30% of the total money goes to you, as a commission for your services, while 70% goes to my family, which we intend to invest, immediately we are being released from house arrest. I am assuring you that this transaction is risk free as we have put all the logistics in place to make it successful, all we need from you is your co-operation and sincerity of purpose.

You will be contacting my son on his details below for more details on how you are going to assist us conclude this transaction. I will wait for your response through my son, thank you and God bless.

Name: Robert Kamara Savimbi
Tel No: + 27-73-933 5582

In your email to my son Robert Savimbi, kindly forward to him the following:
1 Your Full Name 2.Your Contact (Home) Address 3.Your Telephone and Fax number

Thanks and may the almighty father guide us through.
Thank you.
Mrs. Agnes Jonas Savimbi.

Friday, January 25, 2008

An excess of salt has built up in the traffic arteries

There is controversy within the local governing body that oversees the distribution of orange barrels and the shoveling of asphalt for roadway patching. The Engineering and Roadway Department employees are mad at their boss, because budget cuts did not allow them to have raises, but the state saw fit to give the boss a raise. And so all the cunning foxes are crying "Sour grapes! Sour grapes! My God, why have you forsaken me?!"

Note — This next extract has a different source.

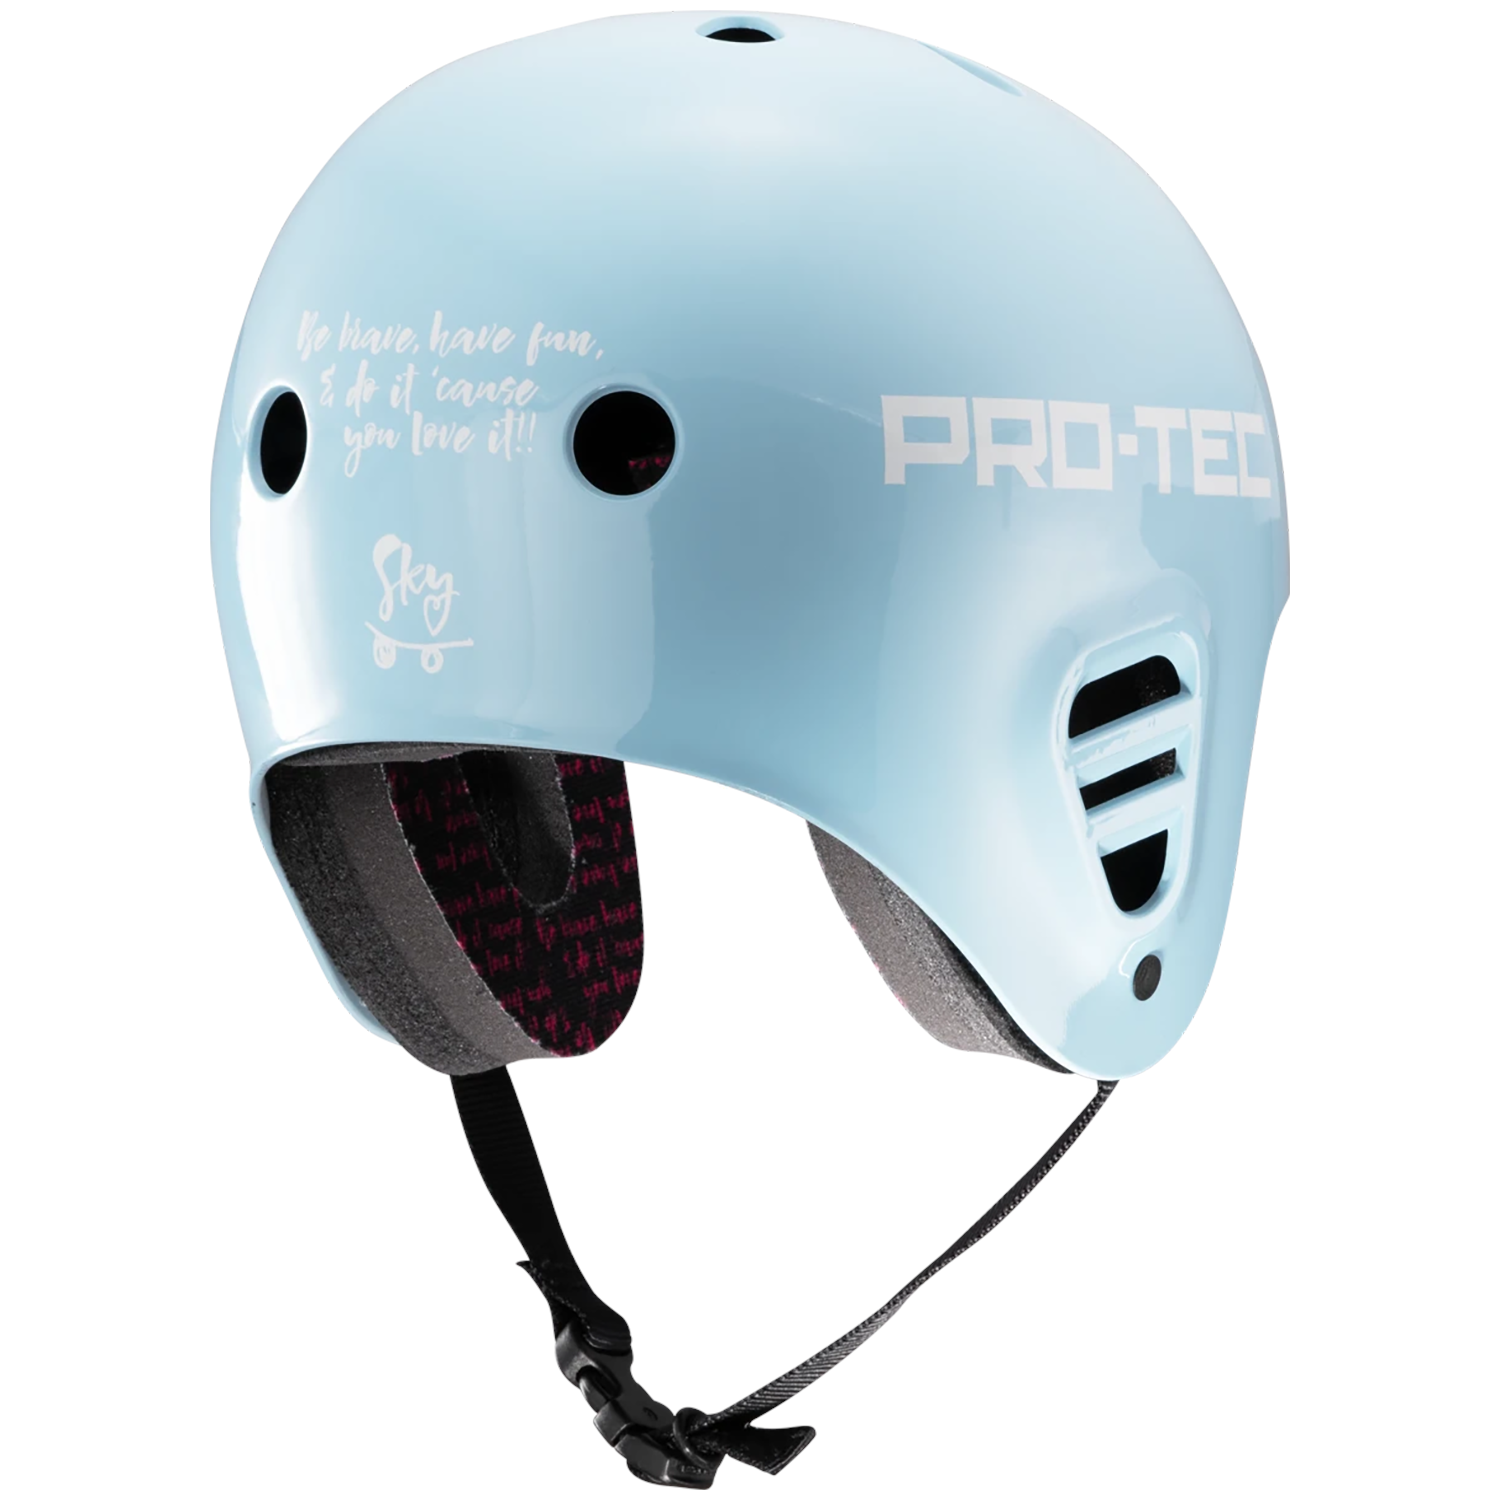 Details about   Pro-Tec Skate-and-Skateboarding-Helmets Pro-Tec Full Cut Skate Helmet Small 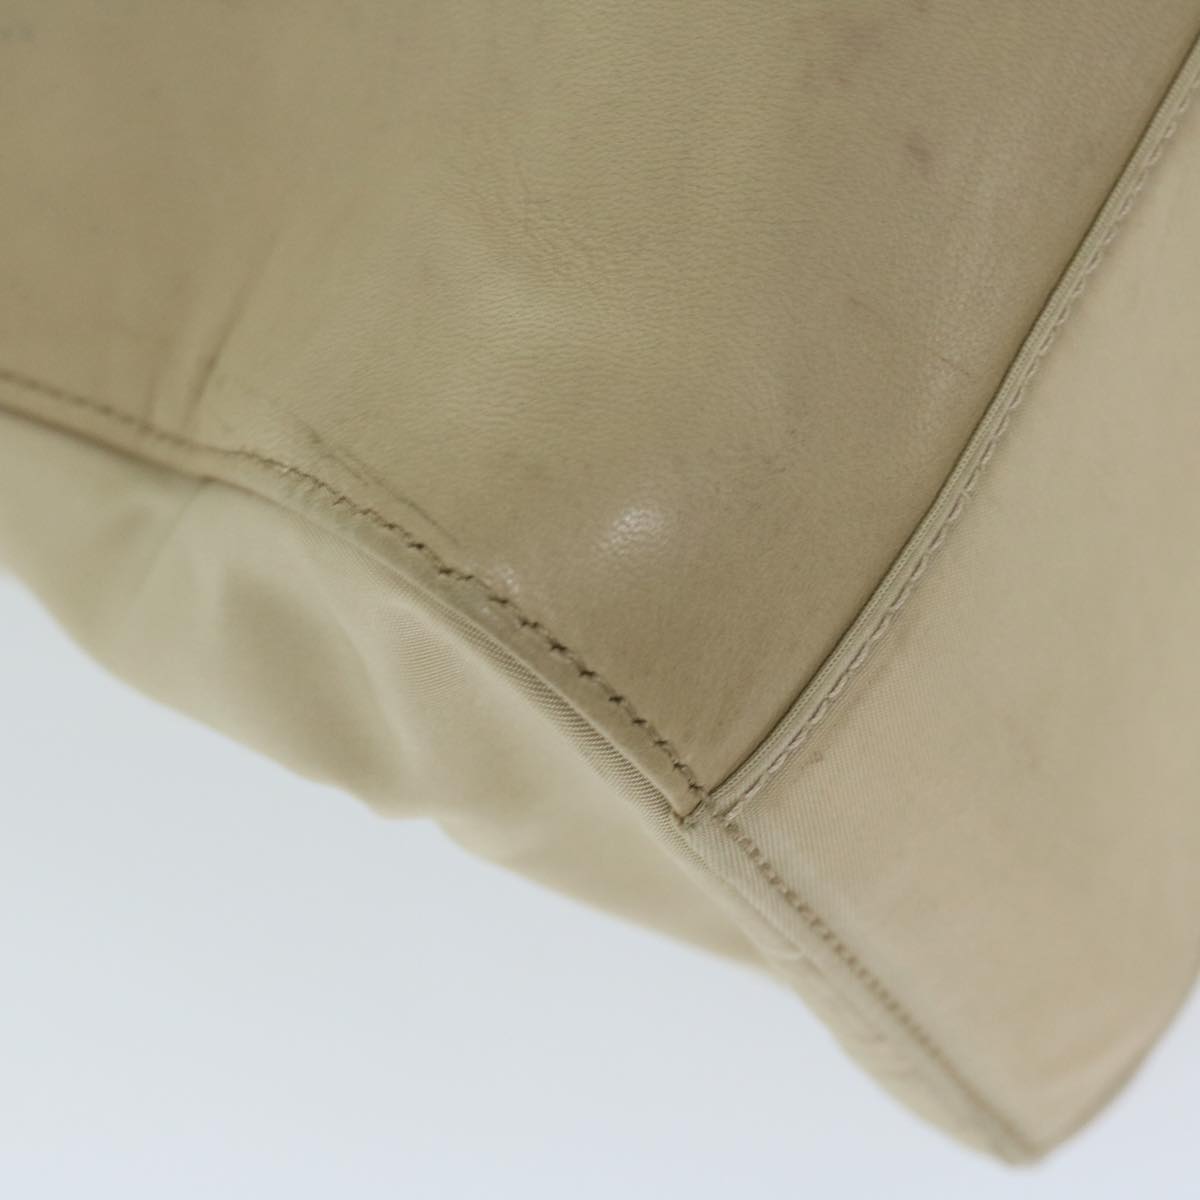 PRADA Chain Shoulder Bag Leather Beige Auth yk10950

There is no money in the budget to give these people raises because it's all been spent on new metal signs that say ROAD CLOSED, as well as DETOUR and GONE FISHIN'. Perhaps there would be more money in the budget if they would stop spending it on road salt. Engineering and Roadway Department employees have been spreading salt on the same streets over and over again, regardless of whether we get any snowfall. Just this week, I saw four different trucks spread road salt four times in a 24-hour period (before a snowfall predicted to be only a dusting!) I know, because I watch everything that happens outside.

And I know it's wasteful: here on my street, we've got salt spread on top of salt on top of more salt, and it's a level grade cul-de-sac! We've got so much salt, the deer herds are coming to lick the gutters, and I think I saw Daniel Boone curing some ham hocks.

So to all the county employees who did not get a raise, I say: divide up the excess road salt among yourselves and take home a few barrels. That should be worth something.